Does it use less RAM?

  • The object itself is 32 B, compared to an unordered_set, which is 40 B on FreeBSD, 48 B on my CentOS boxes, and 56 B on Ubuntu. At 1,149,116 segments, we save 8.8, 17.5, and 26.3 MB respectively. Not bad. :)
  • For the memory it dynamically allocates to store its data, the short answer is yes, but it's more complex; it depends on the underlying data. With relatively few items in each set, an unordered_set can be more efficient. With relatively few total items to choose from, a TMBitset can be more efficient, which is what we have. An unordered_set<Foo*> uses 64 bits for every item in the set, whereas a TMBitset allocates 1 bit for every item whether in the set or not.
    With 377 travelers in the system, a TMBitset allocates 48 bytes. I could have had devel segments avoid allocating this space, but that'd only save 901 KB, so I opted to keep it simple. Thus all 1,149,116 segments allocate these 48 B, for a total of 52.6 MB. With 8,393,470 entries in the clinched DB table times 8 B, that's 64 MB.
    Or, on a per-segment basis (including devel segments because 1, it's the more apples-to-apples comparison because I allocate this memory with TMBitset and 2, it's the more conservative figure more favorable to unordered_set) 58 B vice 48.
    Plus, all of this doesn't even take into account all the extra RAM unordered_set has to allocate behind the scenes to get stuff to work under the hood.
  • Overall, 80f2724 -> 634da8b, System Monitor tells me I'm saving about 325 MB.

There are 2 template parameters. What's that all about?
The 1st one, item is pretty straightforward. It's the data type included (or not) in the set.
The 2nd one, unit, controls the size of the data chunks that are allocated and processed, and allows us to fine-tune how things behave.

  • Smaller units like uint8_t or unsigned char minimize the amount of unused RAM allocated.
    Right now with 377 travelers, it makes no difference; we're using 48 B either way.
  • Larger units like uint64_t or unsigned long allow the |= (bitwise or) operator to work more efficiently.
  • Unit size also affects how iteration behaves under the hood.

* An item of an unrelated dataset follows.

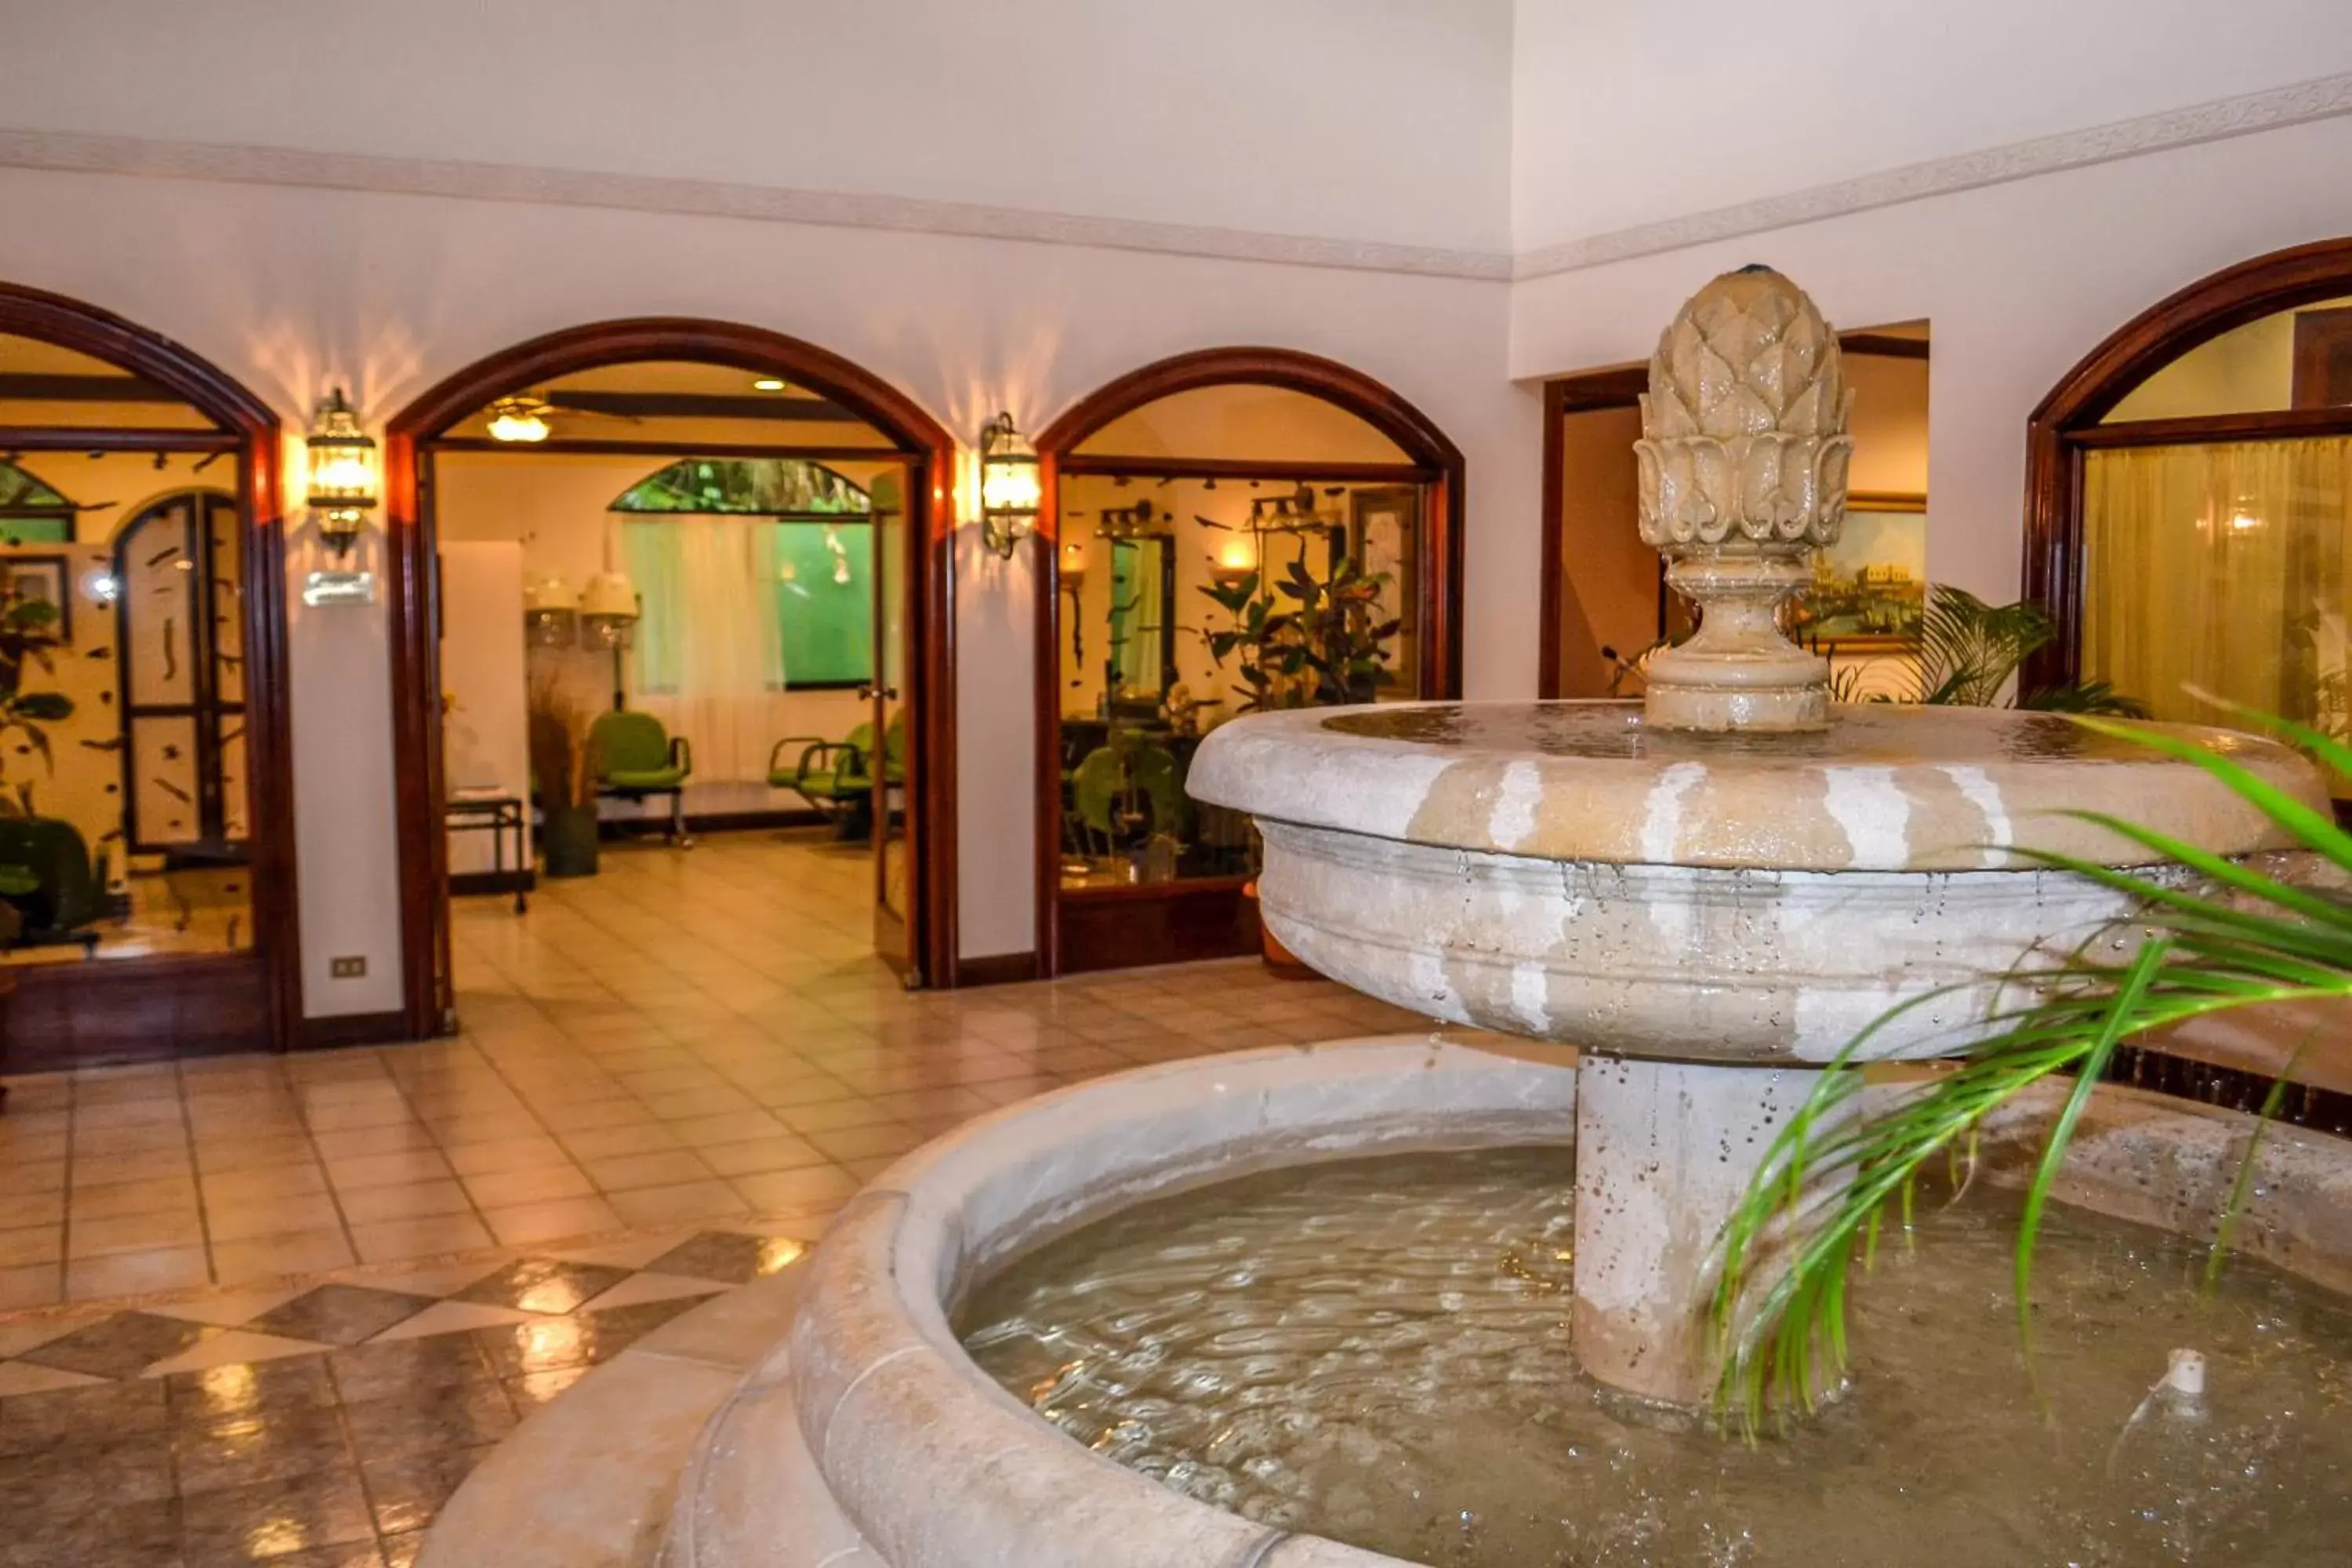 Area and facilities, Bathroom in El Tucano Resort & Thermal Spa

The sweet spot depends on the underlying data; small units could be fastest, maybe large ones, maybe somewhere in between. I chose uint32_t for the current application.

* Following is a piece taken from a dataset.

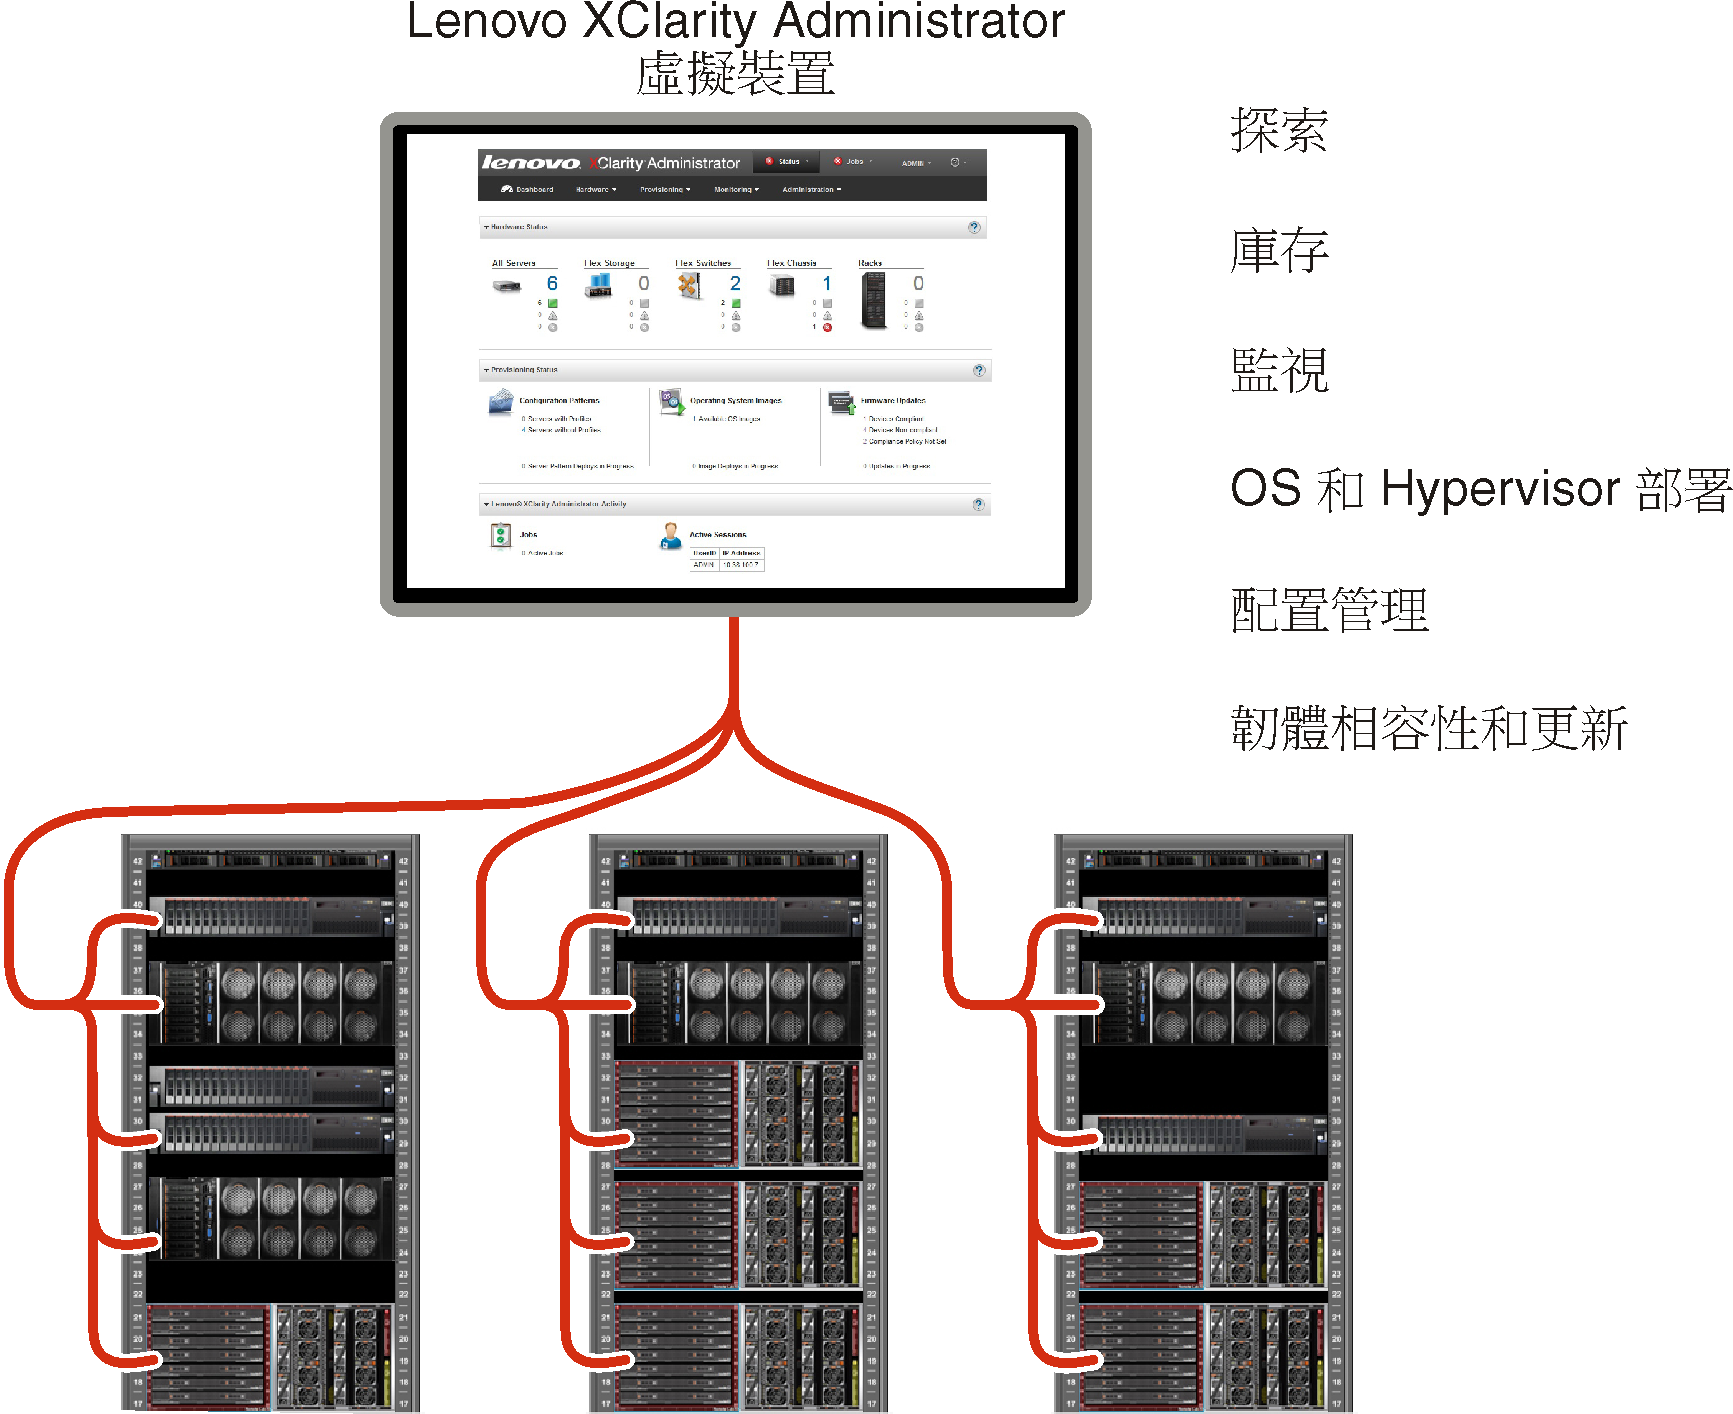 顯示 Lenovo XClarity Administrator 管理多個機箱的圖形，並列出 Lenovo XClarity Administrator 的主要功能。

Do I have bigger plans for this class?
Not so much. I only see 2 further applications right now. Neither uses unordered_set, so I'd expect to see less benefit than we see for graph generation with this pull request.

  • Vertex membership for subgraphs already uses an ad hoc bit field. There could be a tiny speedup in zeroing out all these bits between graphs, but not much else. The primary gain here is cleaner code.
  • HGEdge membership for subgraphs uses an array of numthreads bools, similar to what TravelerLists did until now. The potential benefits are in memory locality & cache hits. There's a bit of a heavier lift to get this one into place. Low priority, though I'd still like to try it eventually.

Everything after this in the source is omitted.